Recorded information:
────────────────────────────────────────

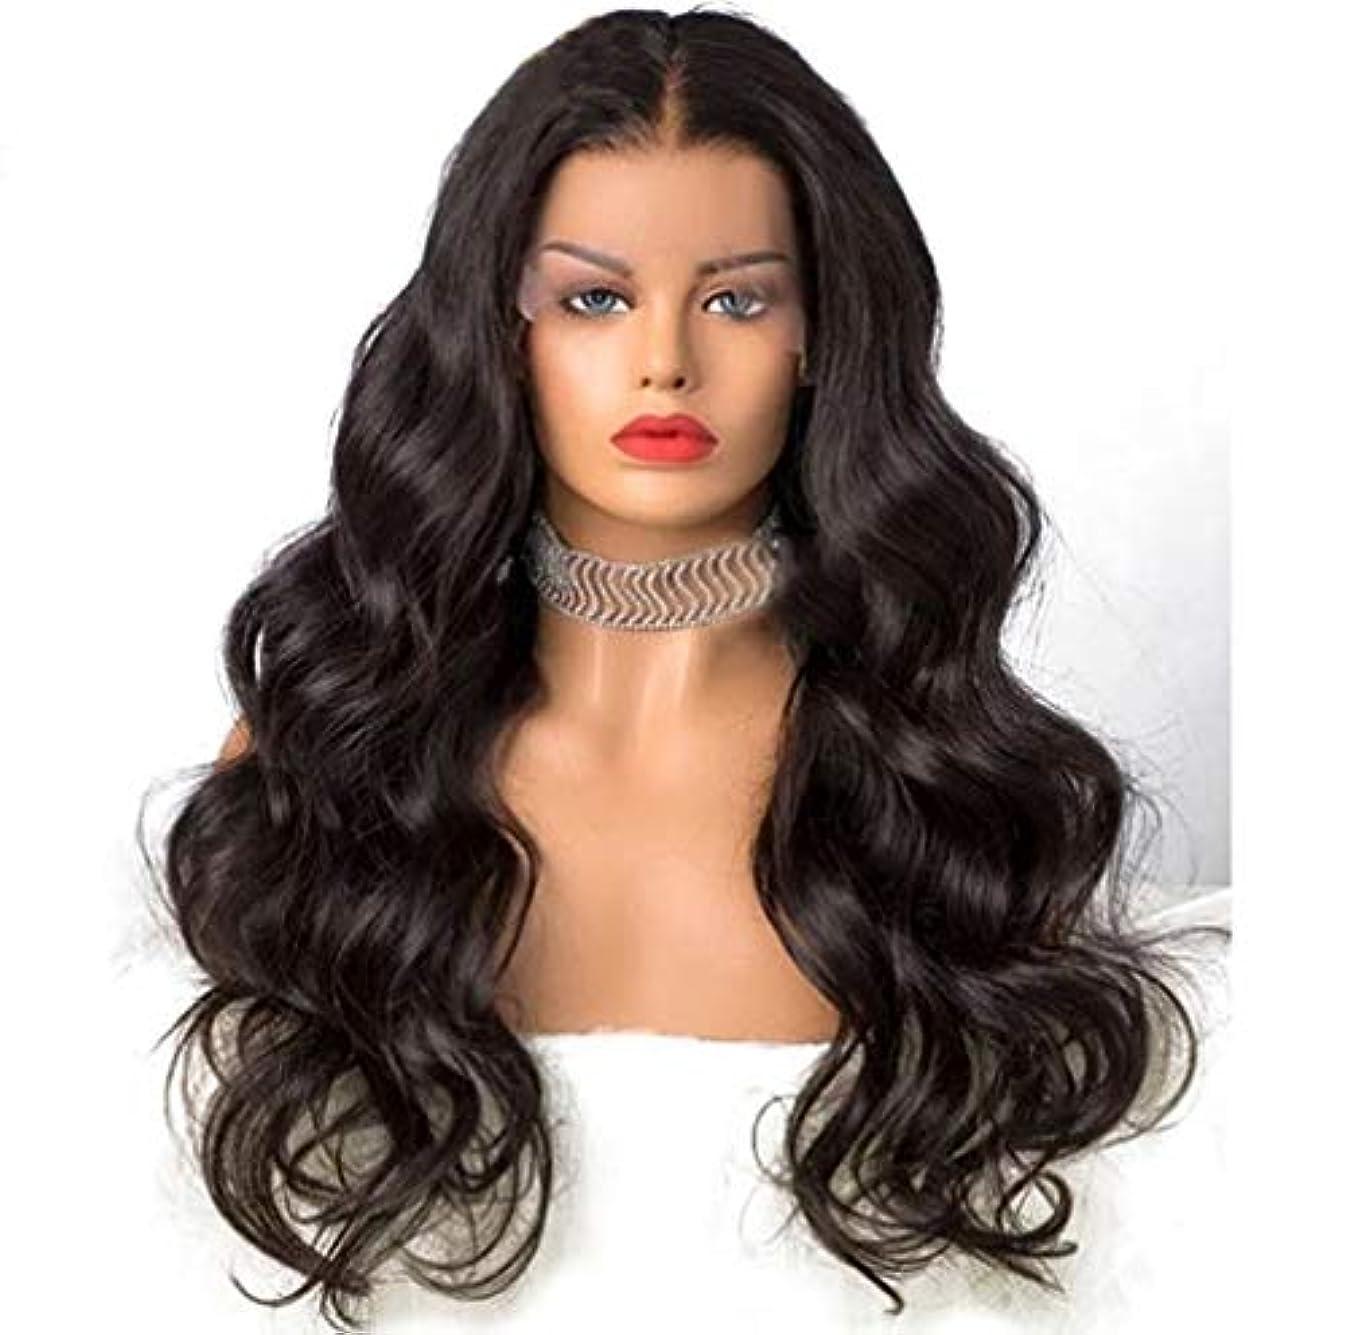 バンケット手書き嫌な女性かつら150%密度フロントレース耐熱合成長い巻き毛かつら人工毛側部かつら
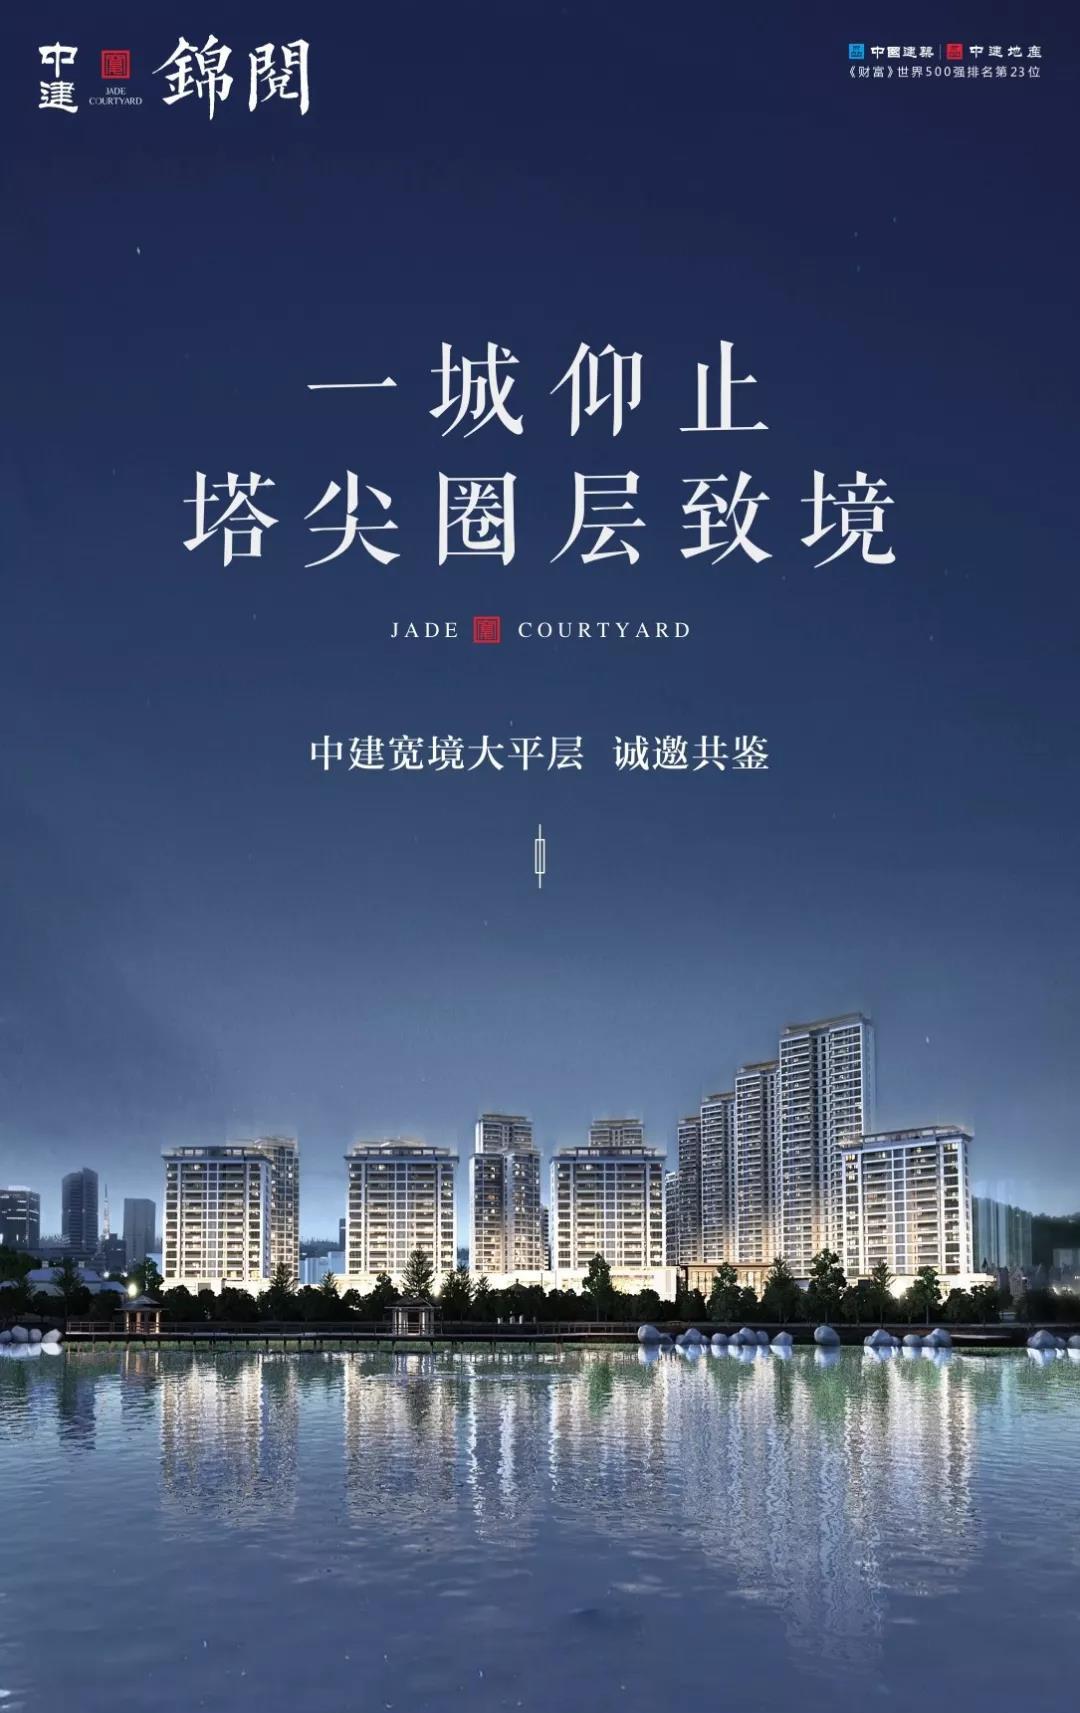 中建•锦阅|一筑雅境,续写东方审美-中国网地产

────────────────────────────────────────

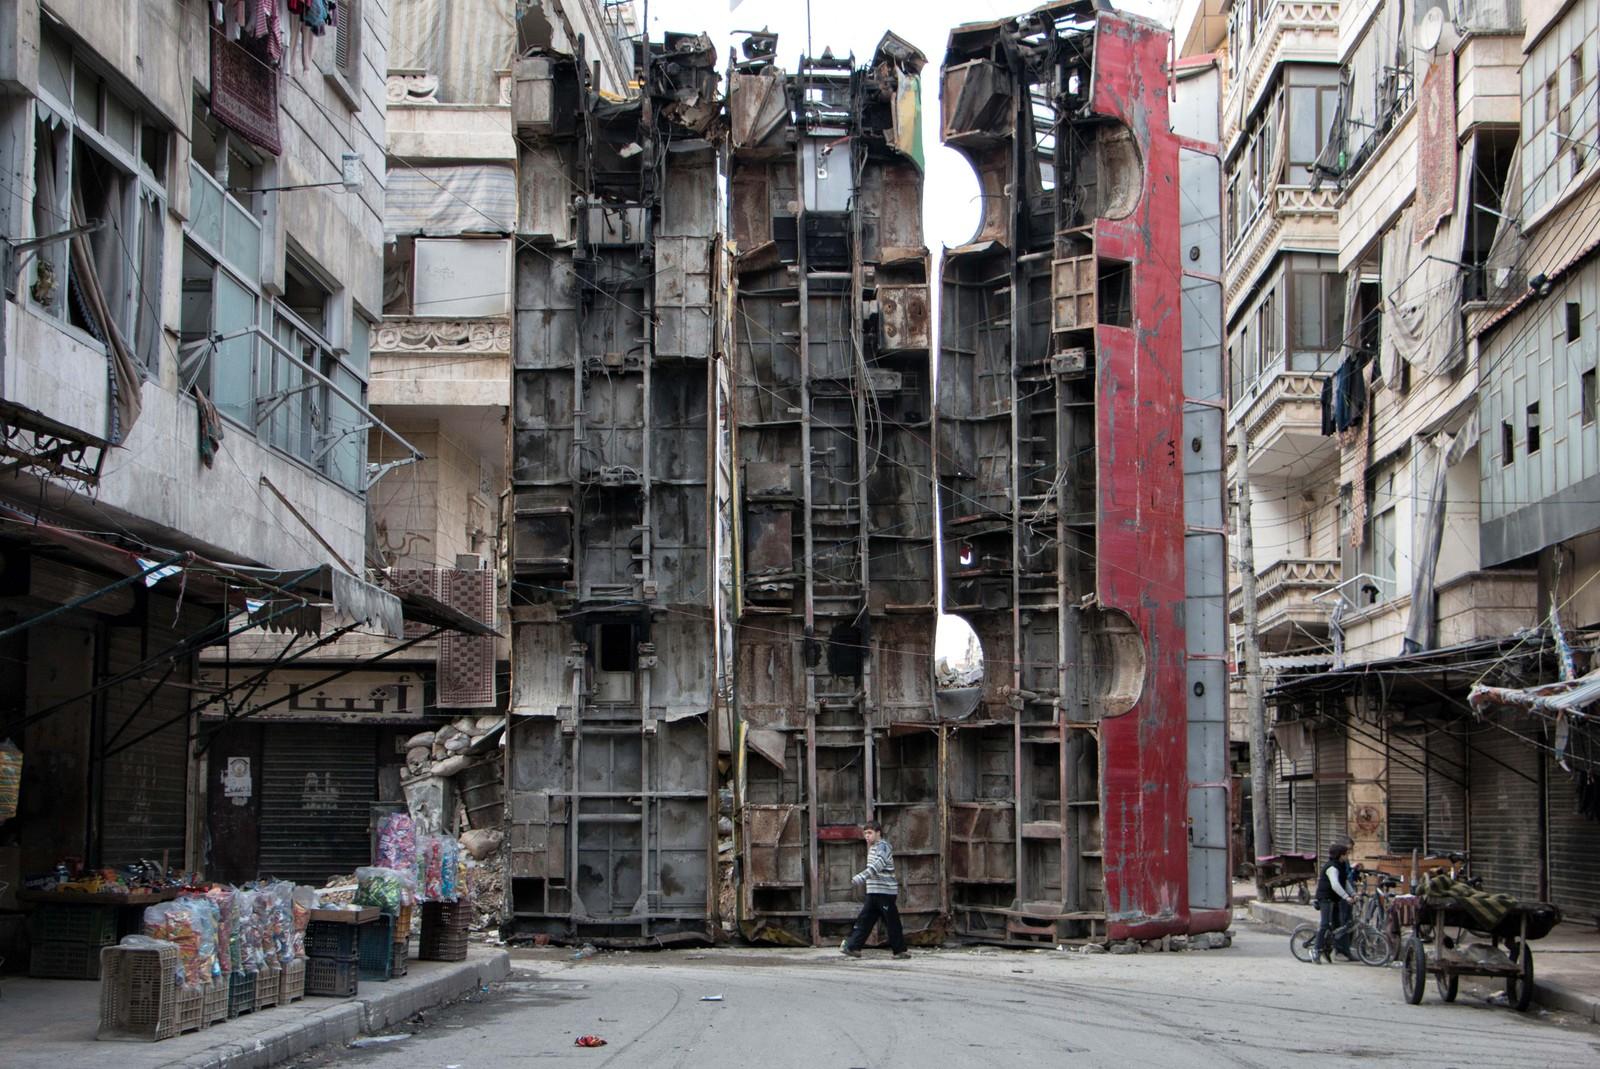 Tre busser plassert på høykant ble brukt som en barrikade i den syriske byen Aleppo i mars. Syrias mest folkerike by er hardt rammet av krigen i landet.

────────────────────────────────────────

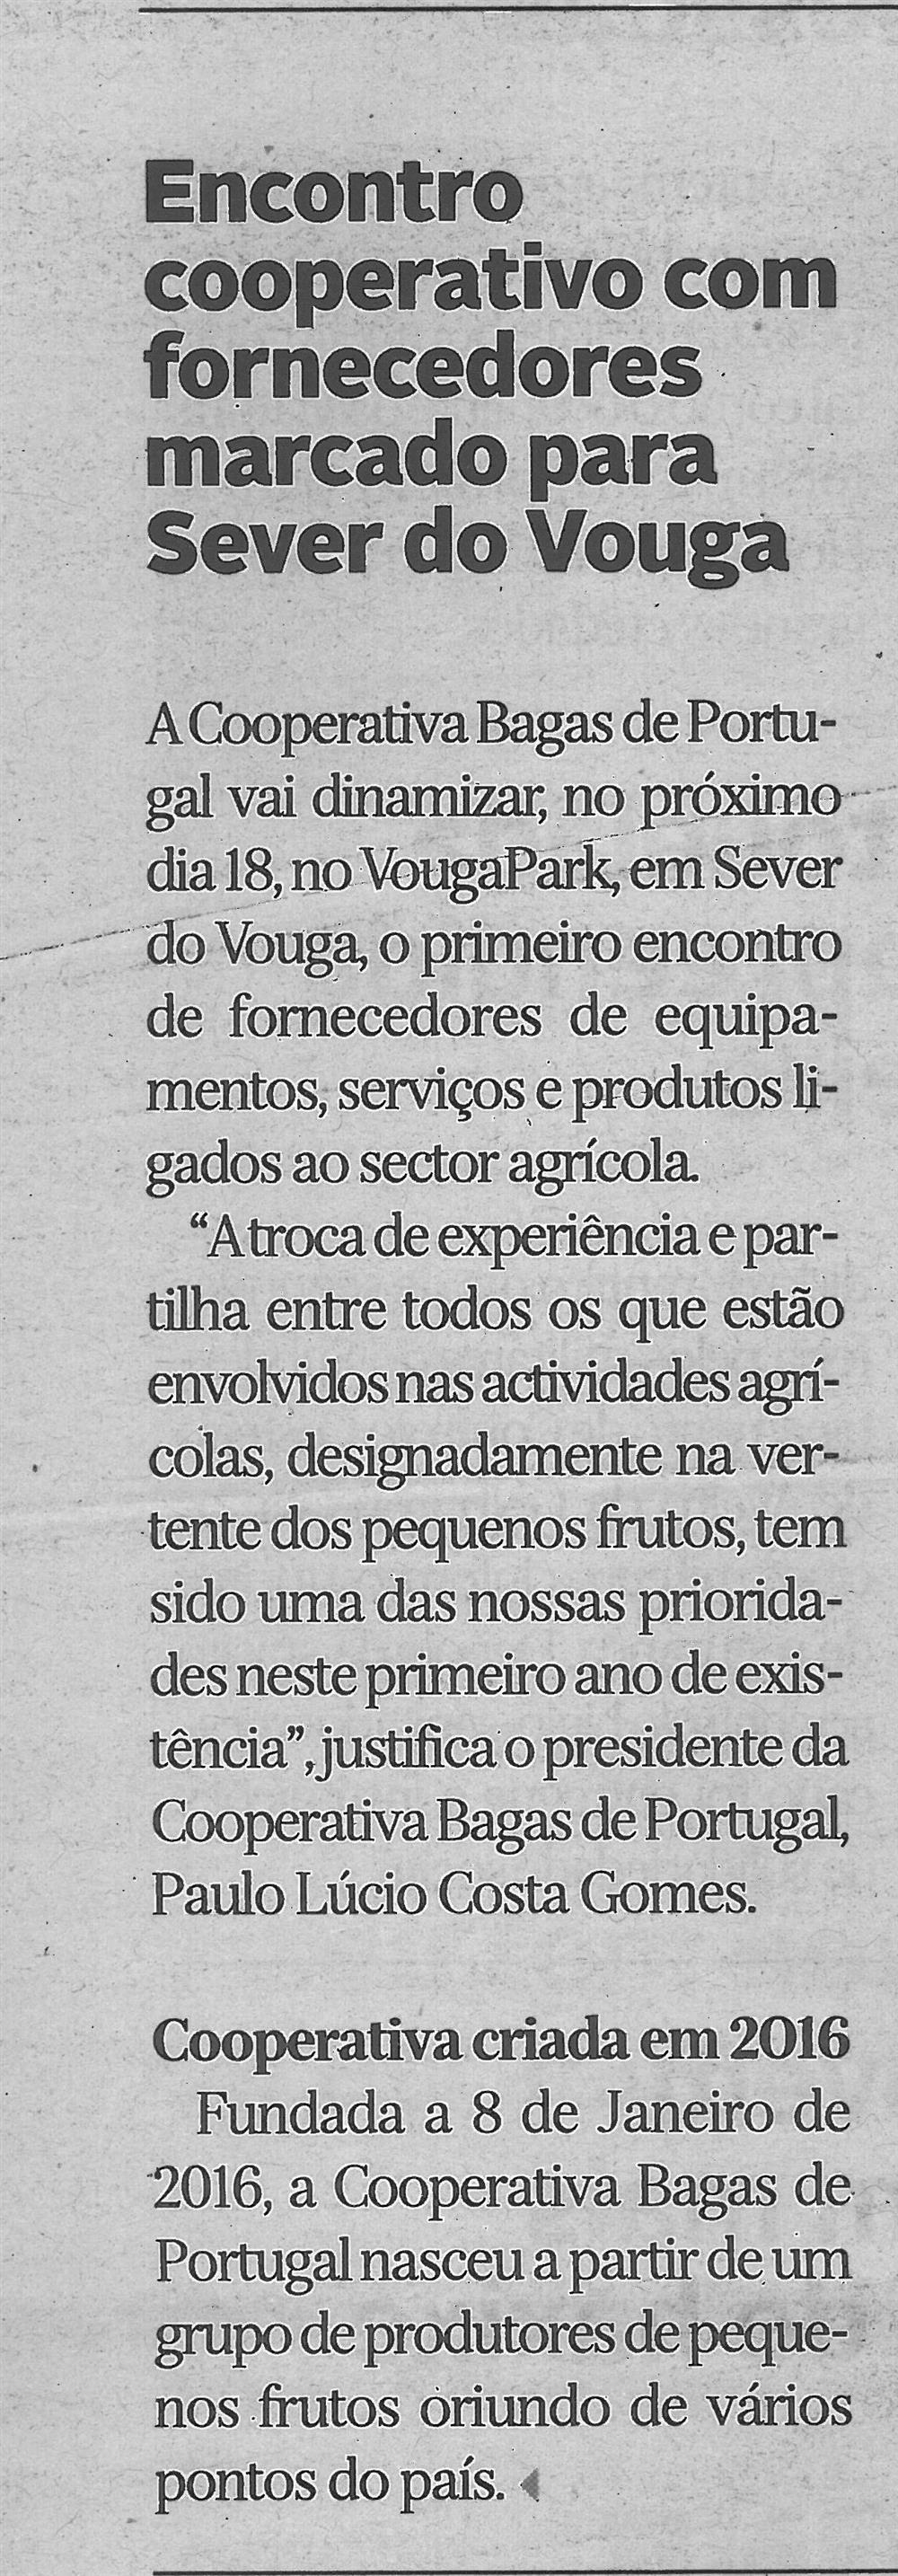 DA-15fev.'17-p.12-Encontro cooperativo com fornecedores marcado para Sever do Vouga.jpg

────────────────────────────────────────

Problem to work on:
Transcribe, from the material above, the stretch starting at the line with "バンケット手書き嫌な女性かつ" and ending at the line with "中建•锦阅|一筑雅境,续写东方审美-中国网地产", both included, exactly. Do not carry over pictures.

Answer to this exercise:
 バンケット手書き嫌な女性かつら150%密度フロントレース耐熱合成長い巻き毛かつら人工毛側部かつら
 中建•锦阅|一筑雅境,续写东方审美-中国网地产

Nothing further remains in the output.